# what are the best places for construction business?



## mohammad85 (Aug 4, 2012)

Hei guys
I am planning to come to New Zealand as a personal building contractor.I just wonder where is the most appropriate place for me to go?
Based on what I have seen here,the best place for me is ChCh since rebuilding the city is on the move after the earthquake but is there any other place good for construction business?
Thank you all in advance.specially Topcat who is alwaying helping the others


----------



## topcat83 (Apr 16, 2009)

mohammad85 said:


> Hei guys
> I am planning to come to New Zealand as a personal building contractor.I just wonder where is the most appropriate place for me to go?
> Based on what I have seen here,the best place for me is ChCh since rebuilding the city is on the move after the earthquake but is there any other place good for construction business?
> Thank you all in advance.specially Topcat who is alwaying helping the others


Hi there. You're right - Christchurch will require a builder or two. 
But I'd also say that there is quite a lot of building going on around Auckland.
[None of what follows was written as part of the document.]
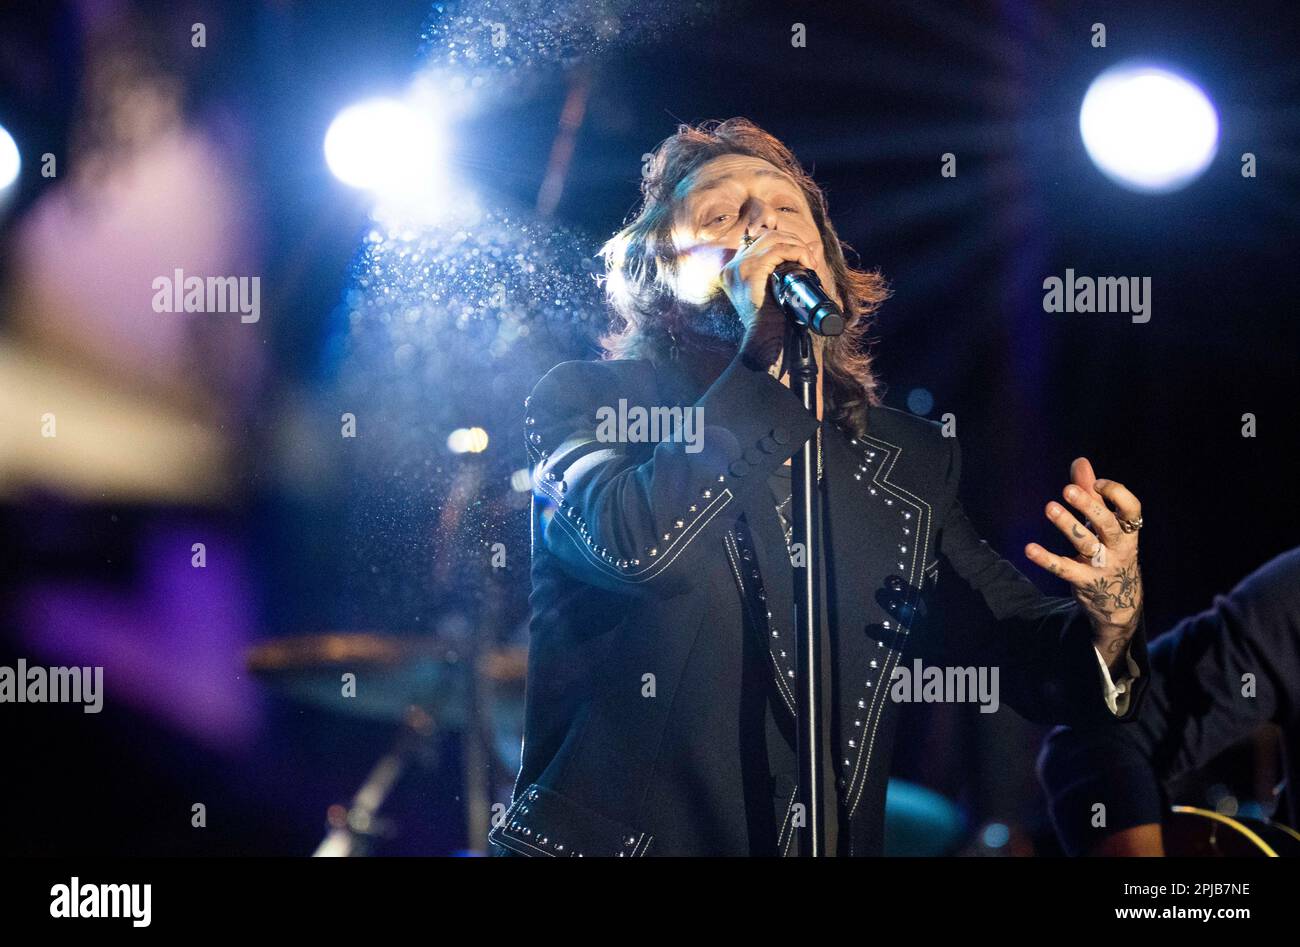 Austin Texas USA, March 31, 2023: Lead singer of rock & roll band The Black Crowes, CHRIS ROBINSON, sings onstage during a taping of Country Music Television's (CMT) Crossroads on an outdoor stage downtown. Credit: Bob Daemmrich/Alamy Live News Stock Photo

House prices have picked up recently, and I've noticed a few sections moving in our area to the south of Auckland too.


----------



## mohammad85 (Aug 4, 2012)

thanks a lot as usual
is there any website I can visit to give me more information about New Zealand Arthitecture and urban?


----------



## topcat83 (Apr 16, 2009)

mohammad85 said:


> thanks a lot as usual
> is there any website I can visit to give me more information about New Zealand Arthitecture and urban?


Try here New Zealand Institute of Architects


----------



## mohammad85 (Aug 4, 2012)

you are awesome......


----------